§ **Task goal**
In the listing that follows, the lines starting at the one containing "Can Vini lead" and ending at the one containing "emerald cut blue" are to be returned exactly, both boundary lines included, and no others.

§ **Records for the exercise**
-=-=-=-=-
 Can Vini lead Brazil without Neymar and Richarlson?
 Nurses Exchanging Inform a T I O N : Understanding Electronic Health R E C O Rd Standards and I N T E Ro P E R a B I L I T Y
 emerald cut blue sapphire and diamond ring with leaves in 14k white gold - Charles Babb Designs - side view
-=-=-=-=-
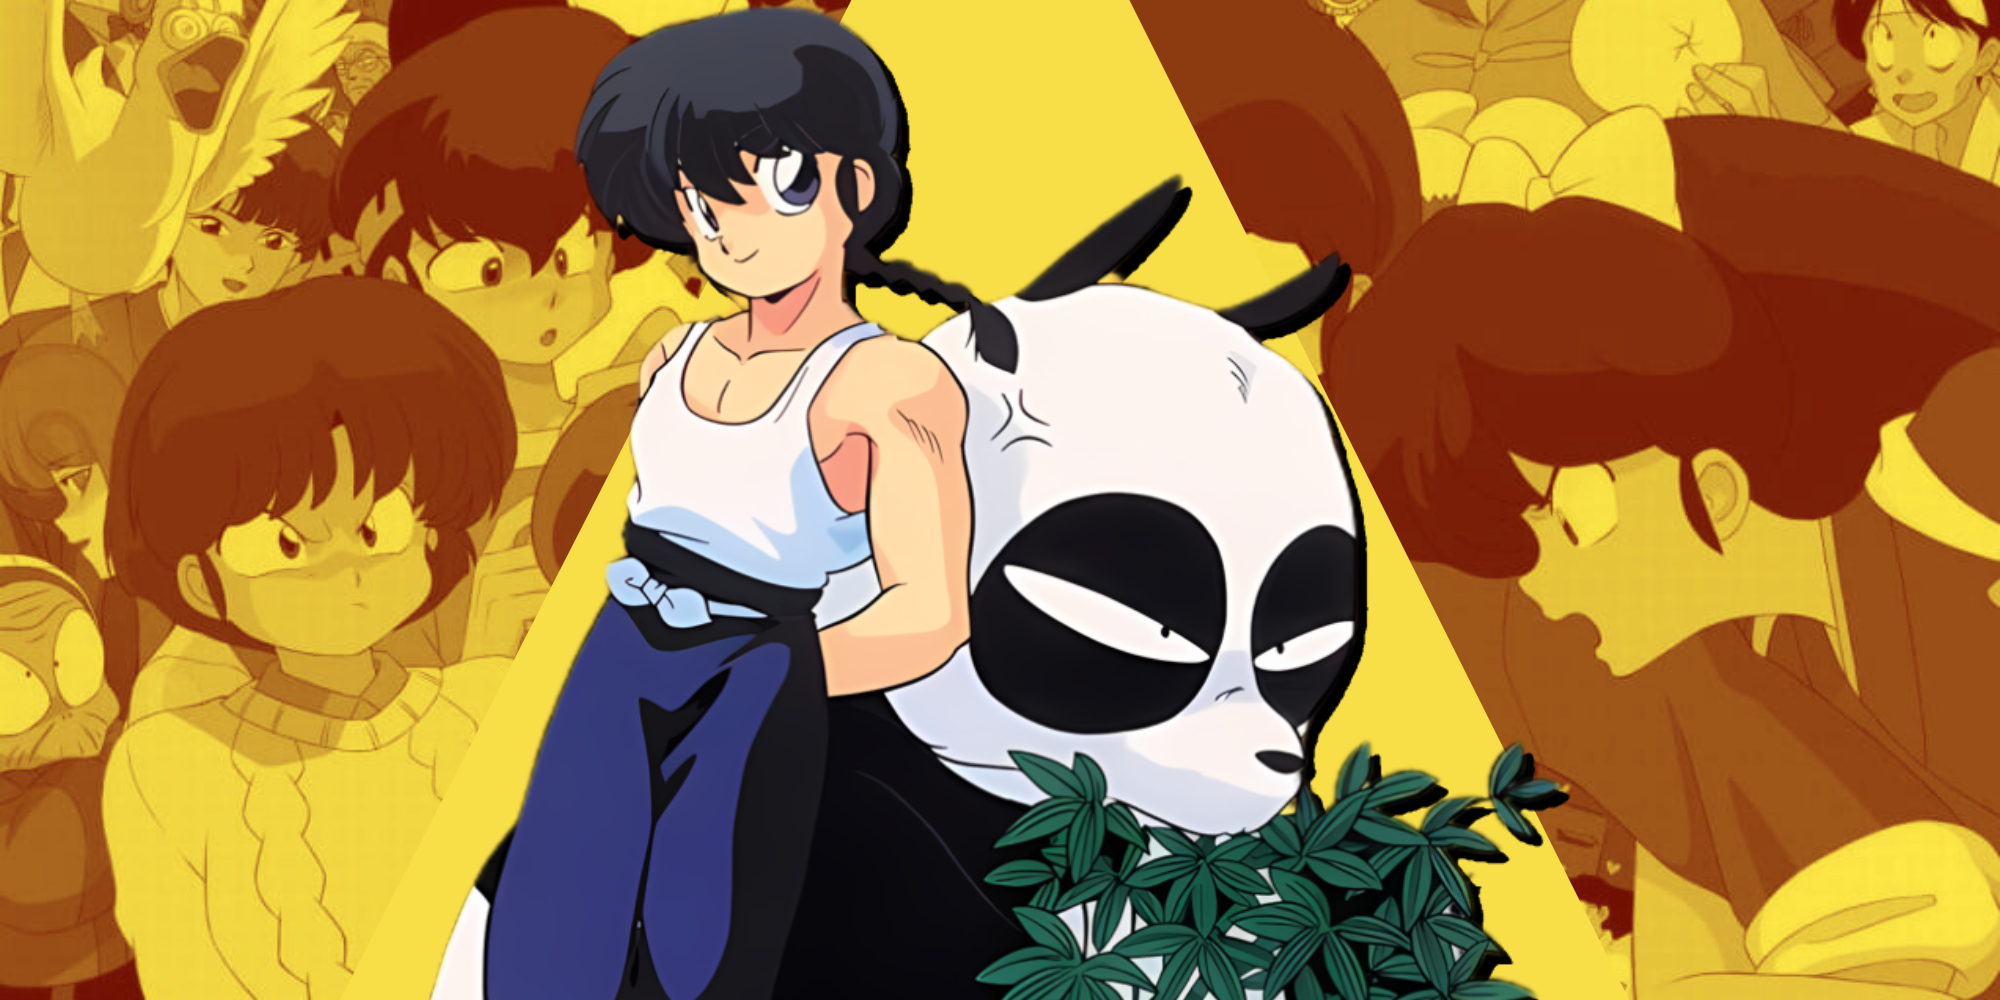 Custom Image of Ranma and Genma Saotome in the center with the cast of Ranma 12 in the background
-=-=-=-=-
§ **Solution for this task**
 Can Vini lead Brazil without Neymar and Richarlson?
 Nurses Exchanging Inform a T I O N : Understanding Electronic Health R E C O Rd Standards and I N T E Ro P E R a B I L I T Y
 emerald cut blue sapphire and diamond ring with leaves in 14k white gold - Charles Babb Designs - side view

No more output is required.